Как ненавижу я свою легкость! Другому не могут дать что-то немедленно — он уходит в ярости, хлопнув дверью, а мне надменно и рассеянно обещают что-то, может быть, года через два — и я выхожу абсолютно счастливый, мелко кланяясь, глубоко и проникновенно понимая все трудности того, кто не может мне сейчас ничего дать: «Конечно, конечно!..» Какой удачей я считал свой легкий характер раньше — и как я ненавижу его теперь, когда четко и безжалостно оказываюсь вытесненным на периферию людьми мрачными и тяжелыми. Но уже нет сил не улыбаться, когда отталкивают тебя — маска легкости уже приросла! — это тем более обидно, что никакой легкости нет, есть тонкая блестящая паутинка над бездной, на которой я балансирую, как паучок — а зачем? — по всем делам мне давно уже положено упасть, но я не упаду, буду улыбаться, пока останется хоть один зуб, говорить: «Ничего, ничего! Огромное вам спасибо!» и «Когда перезвонить? Двадцать шестого?.. Ах, двадцать восьмого?.. Тридцать девятого?! Все понял! До свидания!»

…Это человек легкий, с ним можно не церемониться — он зайдет и тридцать девятого, ну и что из того, что такого числа нет,— он человек легкий, он согласился!

С такими мыслями я шел к даче. Только глубокой осенью за городом понимаешь истину: как мало на земле света и как много тьмы! Это мысль тяжелая, мы боимся ее, слетаемся на свет фонаря, как мошкара, пытаемся внушить себе, что это еще день, хотя день наш давно уже прошел,— и я не выдержу и завтра же, наверное, полечу к какому-нибудь фонарю, чтобы поскорей забыть то печальное, что понял я, побывав в темноте, и язык мой, празднословный и лукавый, который я никак не решусь вырвать, снова начнет обманывать всех, и в первую очередь — меня самого.

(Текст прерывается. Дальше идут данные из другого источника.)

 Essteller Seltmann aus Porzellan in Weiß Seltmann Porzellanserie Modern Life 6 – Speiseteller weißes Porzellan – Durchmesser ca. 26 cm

Я вошел в темный дом, принюхался, положил замечательную свою добычу — клей «Момент» — в стакан возле умывальника, прошел в узкую комнату, потрогал жестяной цилиндр печки — еще теплится — и, не зажигая света, разделся и лег. Не надо света, слабого и обманного, пусть будет темнота!

Нет, никогда я не решусь обнаружить свою мрачность перед людьми — с детства был хорошо воспитан, часами со светлой улыбкой смотрел на абсолютно неподвижный поплавок, боясь своим недовольством обидеть — кого? Рыбу? Поплавок? Того, кто привел меня на это место и посадил? Абсолютно непонятно! Но я сидел и сидел. Так и теперь: ни в коем случае нельзя, чтобы кто-то догадался, что терпение мое кончилось, наоборот — улыбка, радостный тон: «Тридцать девятого? Договорились! Всего вам доброго! Кланяйтесь своим!»

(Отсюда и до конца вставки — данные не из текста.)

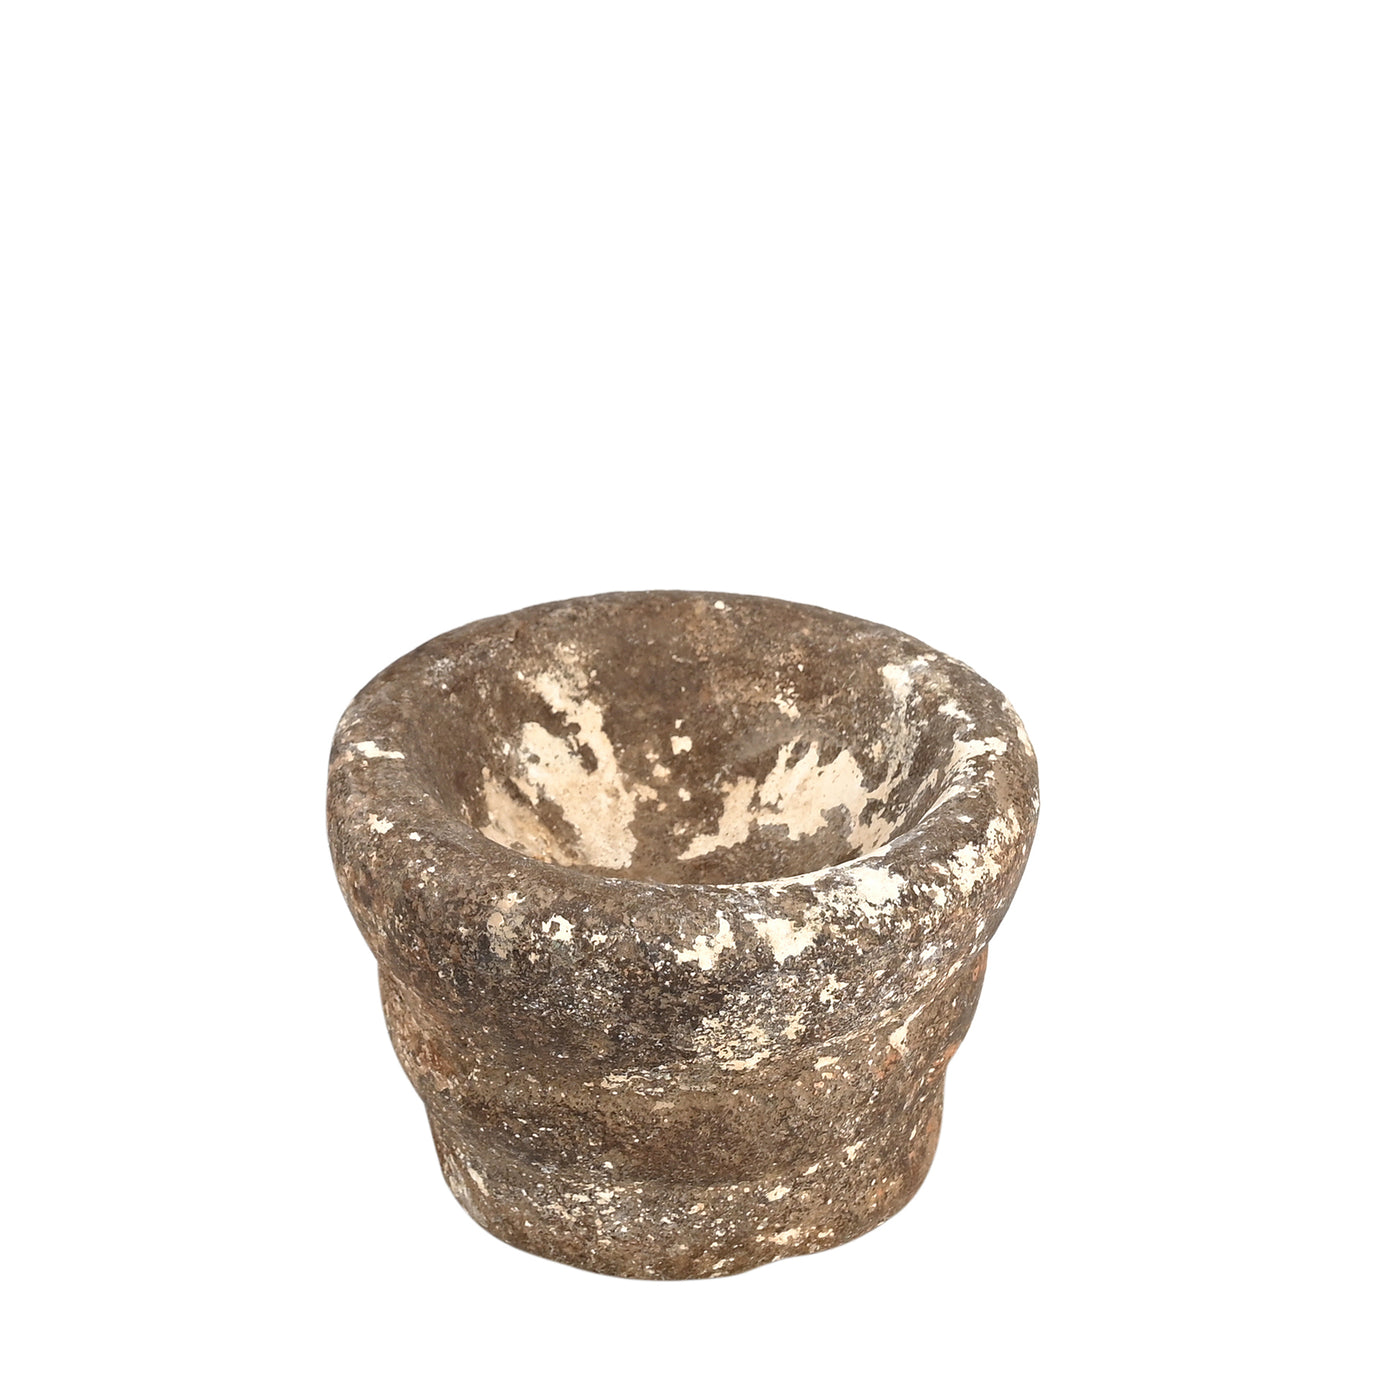 Devliya - Stone bowl n ° 8
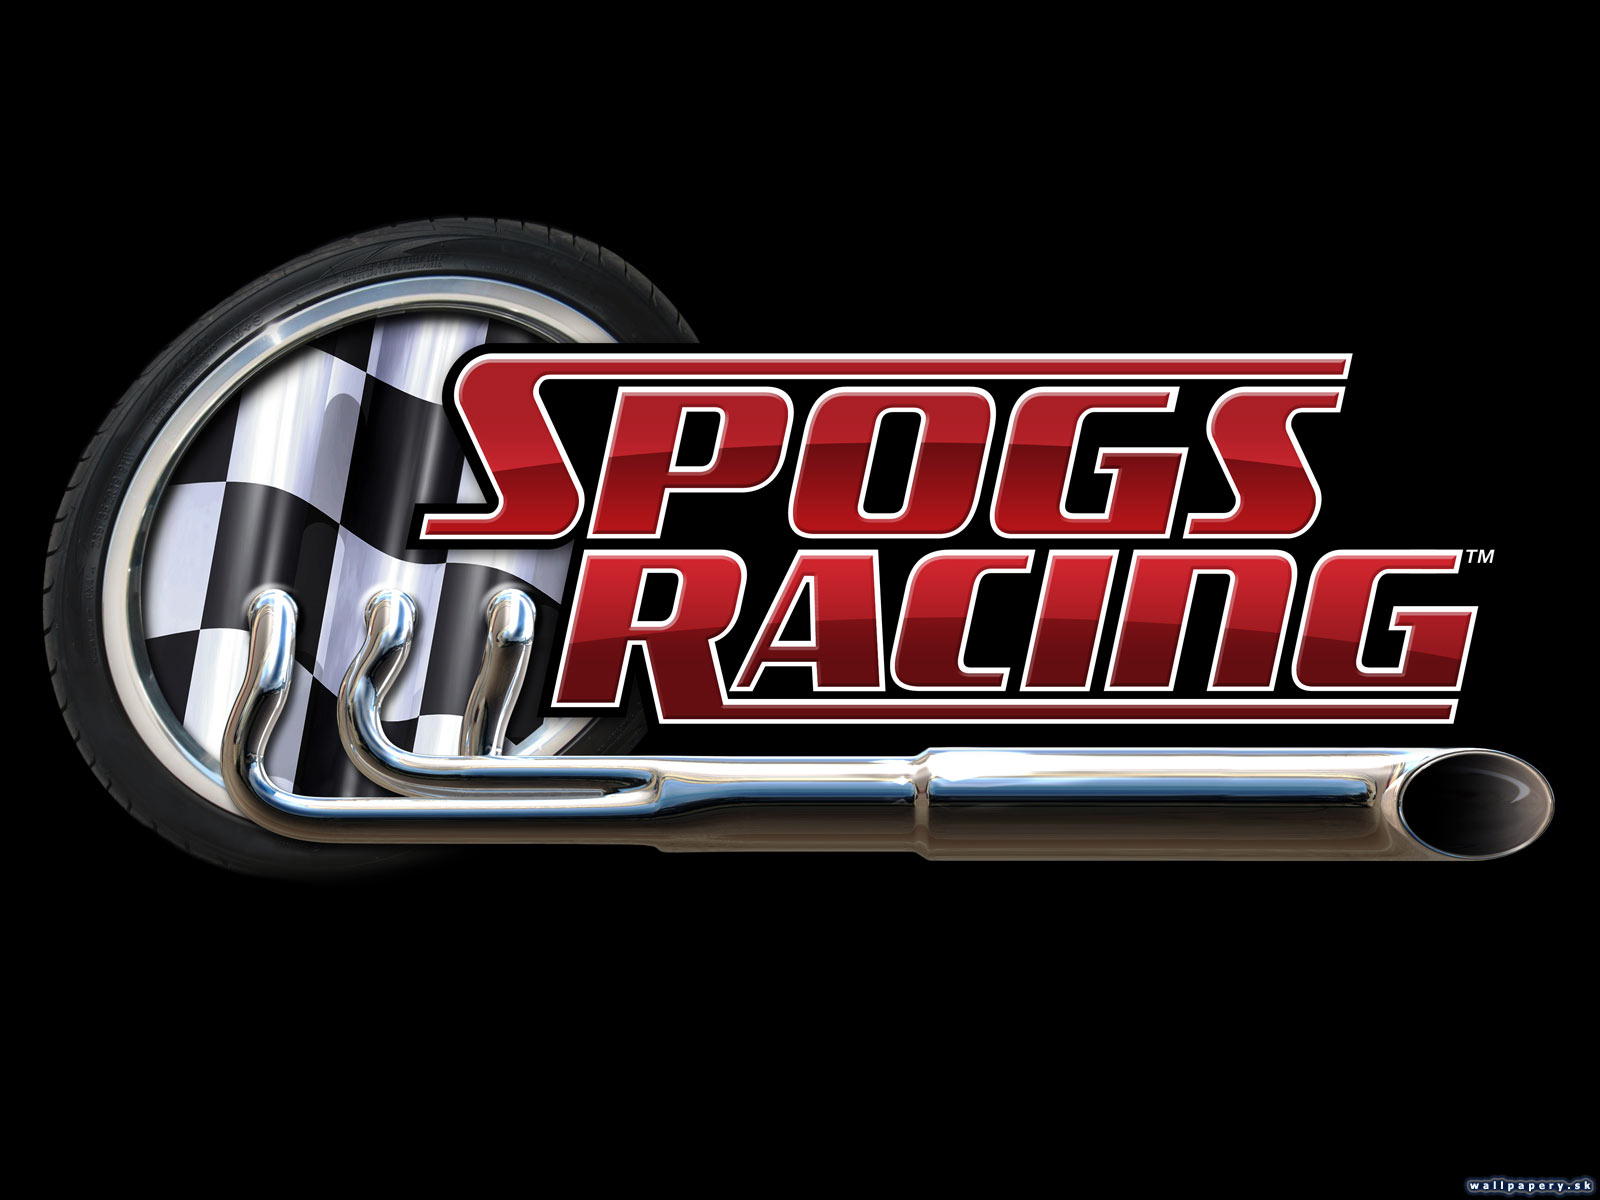 SPOGS Racing - wallpaper 1

Голова расходилась, никак уже не заснуть! Выпить, что ли, казенного? Под столом в коричневой бутылке с бумажкой, прижатой резинкою, плескалось немного спирта. На бумажке, помнится, написано карандашом «Проявитель», но в бутылке спирт — неделю назад я кинул туда горсточку рябины… Я нашел в темноте чашку, нагнул бутылку, нашел чашкою в темноте рот… Бр-р-р! Гадость! Может, спирт превратился в проявитель, согласно надписи? Но вскоре по разгоревшейся в холоде коже лица, по вспышке ликования (все отлично, ничего страшного, все живы, дела идут!) почувствовал — нет, нормальный спиртяга! Теперь бы подобрать уютный сон — последнее время на сны главная надежда, только вот на языке уж больно погано, все-таки он сделан не из стекла, как те линзы, на протирание которых в достаточном количестве отпускается этот спирт!

Я поднялся, вышел в прихожую к умывальнику.

Может быть, все не так уж и плохо — побежали блудливые мыслишки. Может, моя любимая статья, в которую я вложил все оставшиеся силы, не зарублена еще окончательно? Почему, собственно, силы беды должны быть лучше организованы, чем силы счастья? Наверняка у противников моих тоже есть сомнения, угрызения совести, приступы неуверенности — зачем отказывать им в таких всеобщих человеческих проявлениях? Может быть, именно сейчас, когда вроде бы все уже кончено, ветер понемножку начинает тянуть в обратную сторону?.. Как же! Жди! Вместо того чтобы крепко спать, противники твои угрызаются совестью! Тем более из-за того, что сделано, по их убеждениям, абсолютно справедливо!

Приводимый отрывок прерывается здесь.